- Born: Bridget Sabina Fisher 1 January 1922 London, England, United Kingdom
- Died: 31 December 2009 (aged 86) Blue Mountains, New South Wales, Australia
- Occupation: Suffragist
- Spouse: Douglass Gilling
- Children: 4 including Rebecca Gilling
- Parent: Cicely Corbett Fisher (mother)
- Family: Charles Corbett (Grandfather) Marie Corbett (Grandmother) Margery Corbett Ashby (Aunty)

= Bridget Gilling =

Australian feminist and social activist

Bridget Sabina Gilling, (née Fisher) (1 January 1922 – 31 December 2009) was an English-born Australian feminist and social activist.

==Biography==
Gilling was born in London, England in 1922 and raised in Sussex amid a politically active family. Her grandparents, Charles and Marie Corbett, were active in the British Liberal Party; her mother Cicely and aunt Dame Margery Corbett Ashby were prominent suffragists. Her father, Chalmers "Pat" Fisher, was an Irish Quaker who worked as a journalist and businessman.

Bridget spent a year in Geneva in the late 1930s before serving as a nurse with the Voluntary Aid Detachment during World War II. During this time she met Douglas Gilling, an Australian serving in the Royal Australian Navy; they were engaged three days after they met and married eleven days later, and they both moved to Australia in 1946.

The Gillings settled in Castlecrag, and had four children. Bridget graduated from the University of Sydney in social work in 1971, and was appointed to the Social Security Appeals Tribunal, the Mental Health Review Tribunal, and as an ombudsman in the New South Wales prison system. She was chair of the Australian Consumers Association board, and was also involved with the Prison Reform Council, the Australian Council of Social Service, the Women's Electoral Lobby, the Council for Civil Liberties, and Zero Population Growth. She was president of the Humanist Society and the Voluntary Euthanasia Society, and ran for several elections during the early 1970s as a member of the Australia Party. In 1975 she joined the Australian Labor Party, remaining an active member until her death.

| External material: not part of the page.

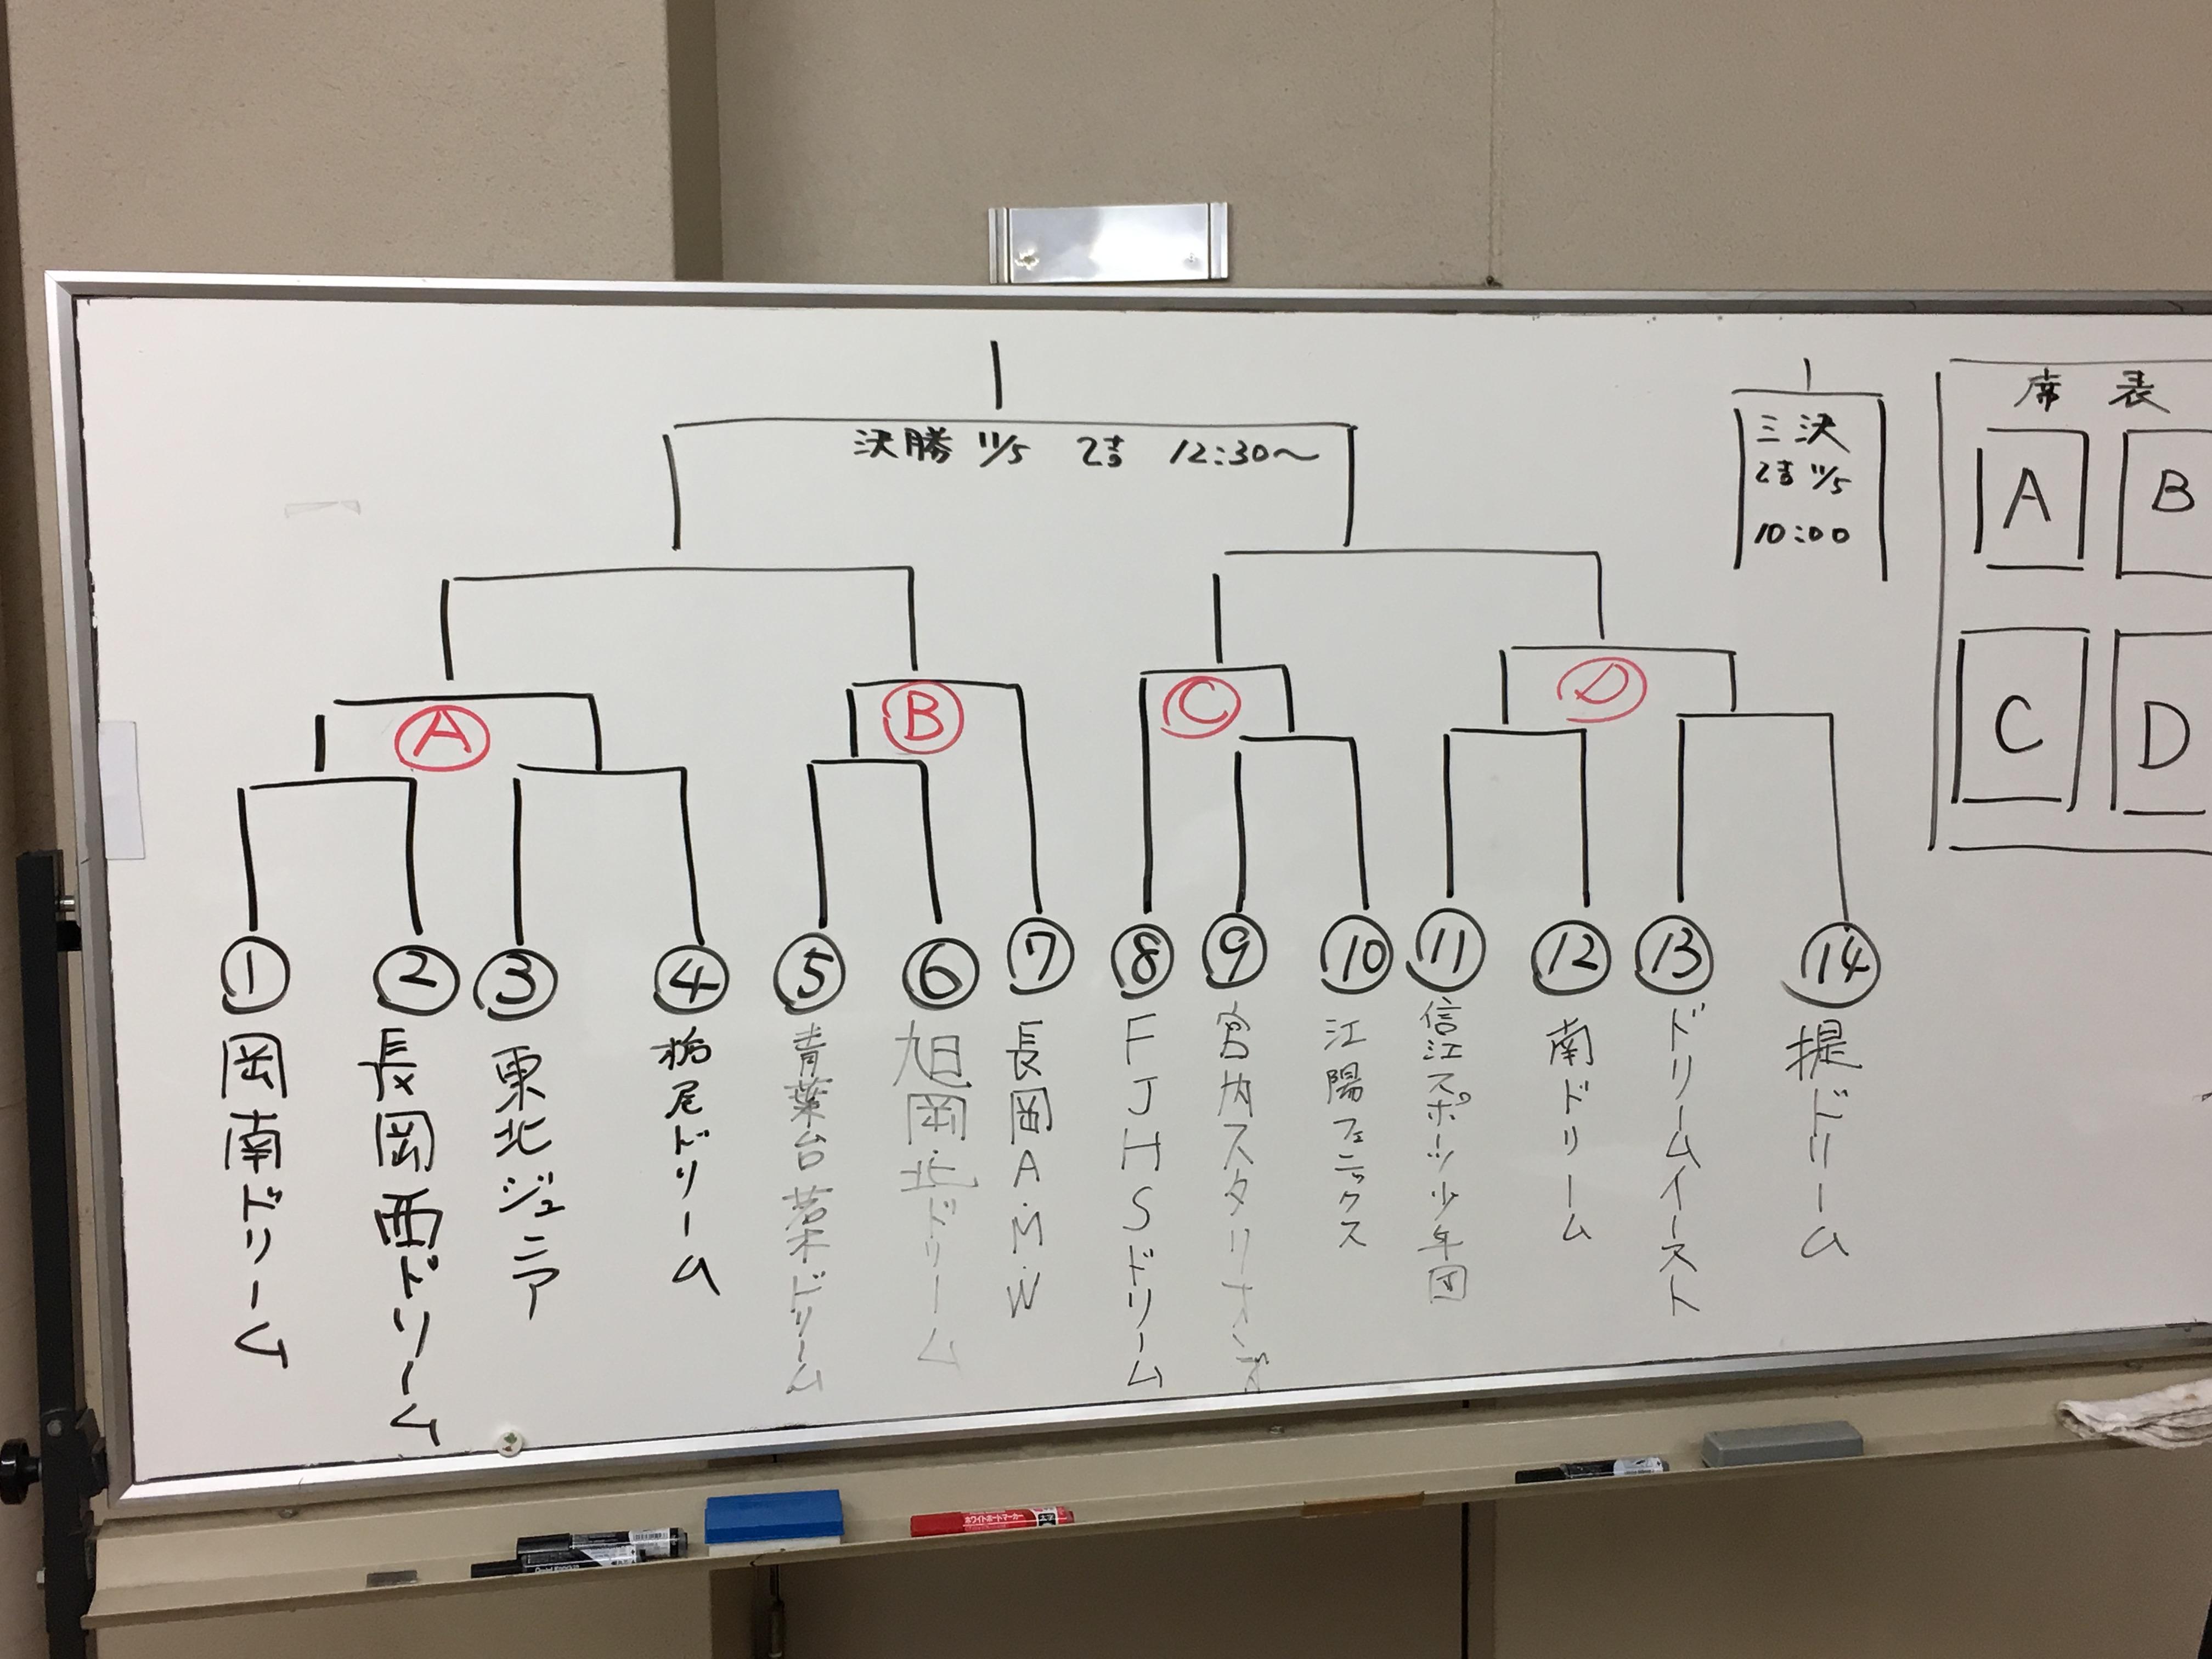 16_09_23(11).jpg

Gilling received particular attention as a campaigner for birth control and abortion law reform. She was also involved in the campaign against the Hawke Government's Australia Card proposal in 1987, becoming a trustee of the Australian Privacy Foundation. She separated from her husband in the 1970s but they remained on good terms. She died at a nursing home in the Blue Mountains in 2009 and was survived by her ex-husband and their children, who included the actress Rebecca Gilling.